For the next several days, I went through the motions of running the bakery, but my heart wasn’t in it. It felt like a great hole had opened in my life. It was just me now, against the world: me responsible for this bakery; me responsible for my daughter; me responsible for carrying on a family tradition I was only beginning to understand.
On the sixth night after Mamie died, Alain takes Annie out for a walk, and I sit by the fire with Jacob, listening as he talks haltingly of the years after the war.
“I am so sorry, Hope, that I was not there to see you grow up,” he tells me as he squeezes my hands. I can feel his hands shaking. “I would give anything to have been there. But you are a fine woman, a good woman. You remind me so much of Rose, of the woman I always knew she would grow to be. And you too have raised a fine daughter with a fine heart.”
I thank him and stare into the fire, wondering how to ask him the question that has been gnawing at the edges of my mind since I’d met Jacob. “What about my grandfather?” I finally ask softly. “Ted.”
Jacob bows his head and looks into the fire for a long time. “Your grandfather must have been a wonderful man,” he says finally. “He raised a fine family, Hope. I wish I had gotten a chance to thank him for that.”

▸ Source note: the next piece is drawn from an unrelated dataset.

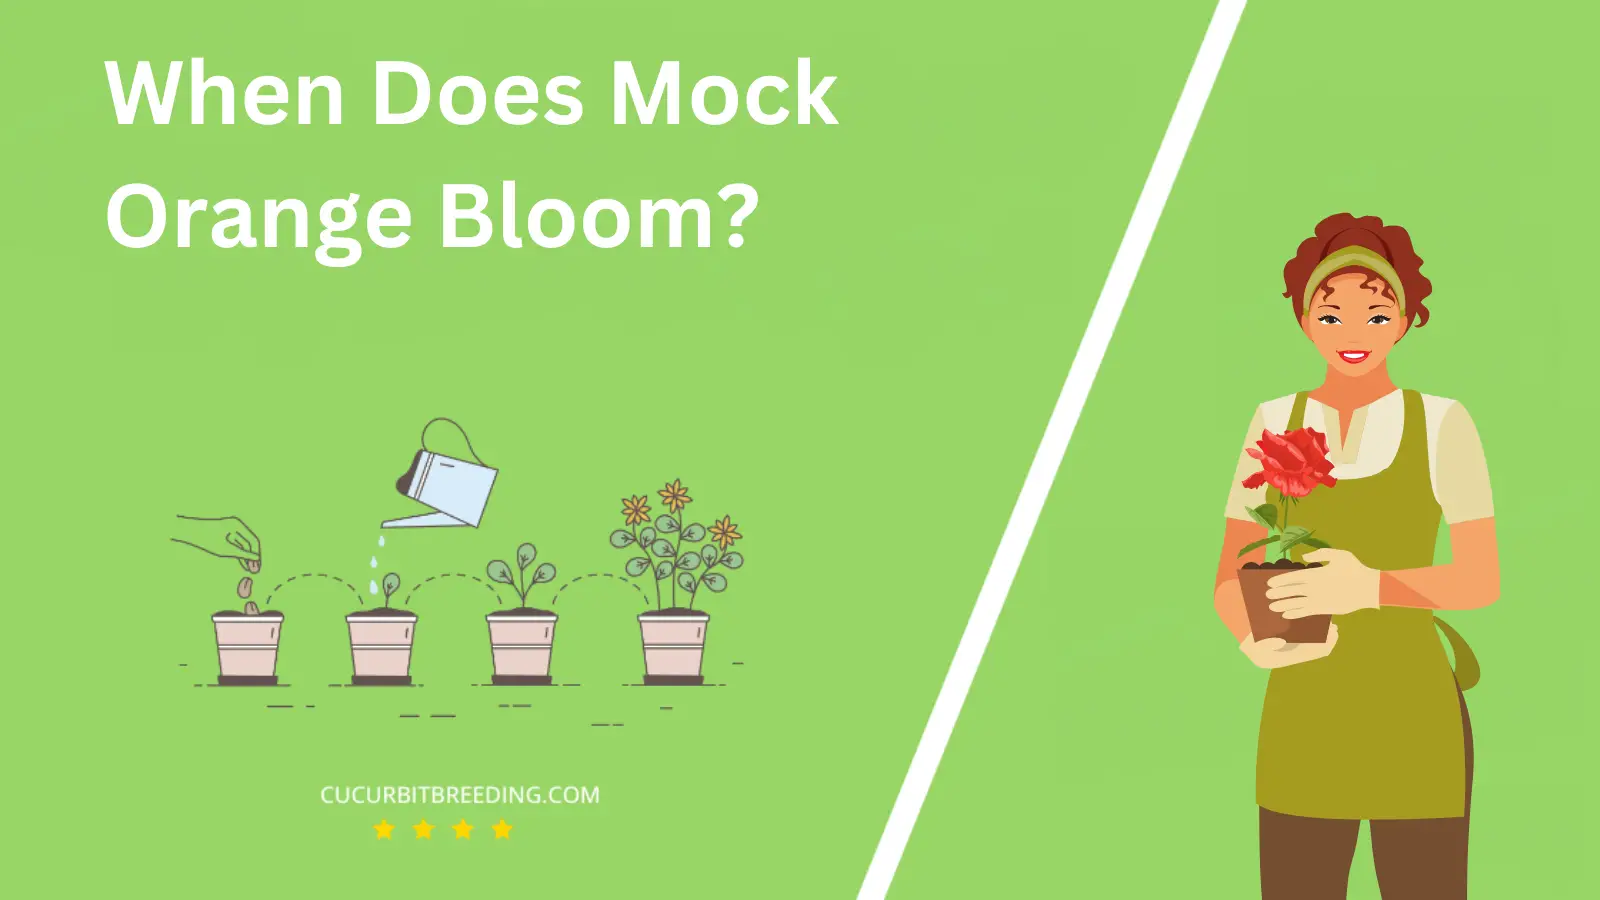 When Does Mock Orange Bloom?

“None of this is fair to him,” I say softly. “I’m sorry,” I add after a pause. “I don’t mean to offend you.”
“Of course not,” Jacob says quickly. “And you are right.” He pauses and stares into the fire for a long time. “He will always be your grandfather, Hope. I know that. I know you will never love me the way you love him, for you have known him your whole life.”
I open my mouth to protest, for this isn’t fair to Jacob either. But he holds up a hand to stop me. “I will always regret that I was not here for the things he was here to see. But that is the hand that life has dealt us. And we must accept it. You can only look forward in life. You can change the future, but not the past.”

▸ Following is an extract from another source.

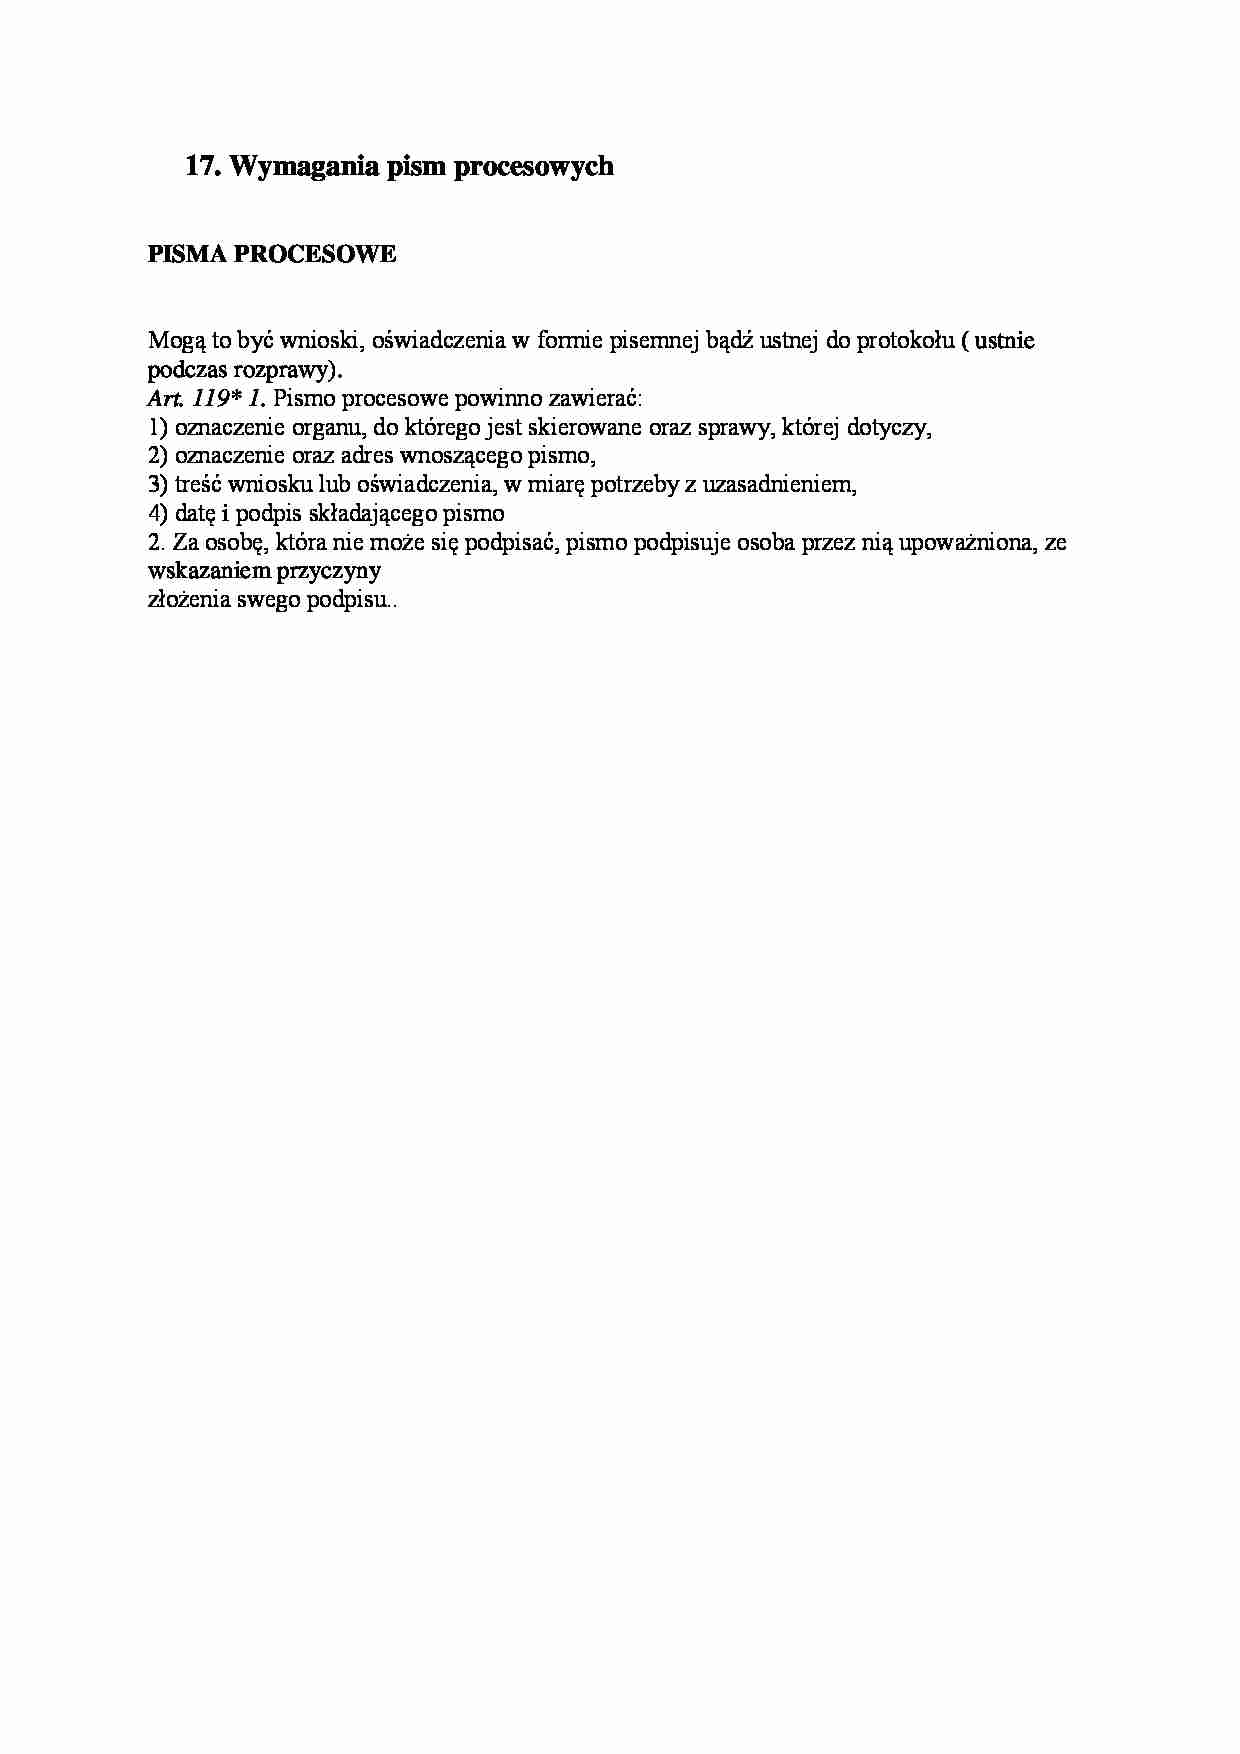 Wymagania pism procesowych - opracowanie - strona 1

I hesitate and nod. “I’m sorry,” I say, but the words feel lame and ineffectual. “Did my grandmother say anything about him?” I ask. “To you? Before she died?”
He nods and looks away. “She explained everything as best she could,” he says. “I think she believed she had to make me understand, but the truth is, I have always understood, Hope. War tears us apart, and there are some things that cannot be put back together.”
“What did she tell you?”
He turns to look at me. “She made it to Spain in the late autumn of 1942. It was there that she met your grandfather. He had been in a U.S. military plane shot down over France, and like your grandmother, he had been smuggled into Spain, through channels in France that helped the Allies. He and your grandmother were hidden in the same home, and that is how they met. He fell in love with your grandmother, who was due to give birth soon. It was around that time that there was an influx of Jewish people who escaped from Paris, people Rose had known in her former life, and they told her I was dead. She did not believe it at first, but some of them claimed to have seen me die in the streets of Paris. Another said he had seen me taken to the gas chamber at Auschwitz.”
“My God,” I murmur, not knowing what else to say.
Jacob looks out the window, where ice has begun to creep over the pane, obscuring our view into the darkness outside. “She did not believe it at first,” he says again. “She said she did not feel it in her soul. But the more people who told her I was gone, the more convinced she became that I had, in fact, died, and what she was feeling was due to the fact that I lived on through the child growing inside her. She knew then that she had to protect our daughter at all costs. And so when Ted proposed to her and told her he would bring her back to the United States before the baby came, she knew it would give our child the chance to be born an American, which is what we had always dreamed of together. It would give our child a chance to grow up in a land where she could always be free.
“She went back to the United States with your grandfather, who married her,” Jacob continues slowly. “They listed him on the birth certificate as Josephine’s father, so there would be no complications. Later, they paid to have the year changed so that no one would do the math and doubt the story. Your grandfather asked just one thing of your grandmother: that she permit him to raise Josephine as his own, that Josephine never be told of my existence.”
“So she never told my mother about you?”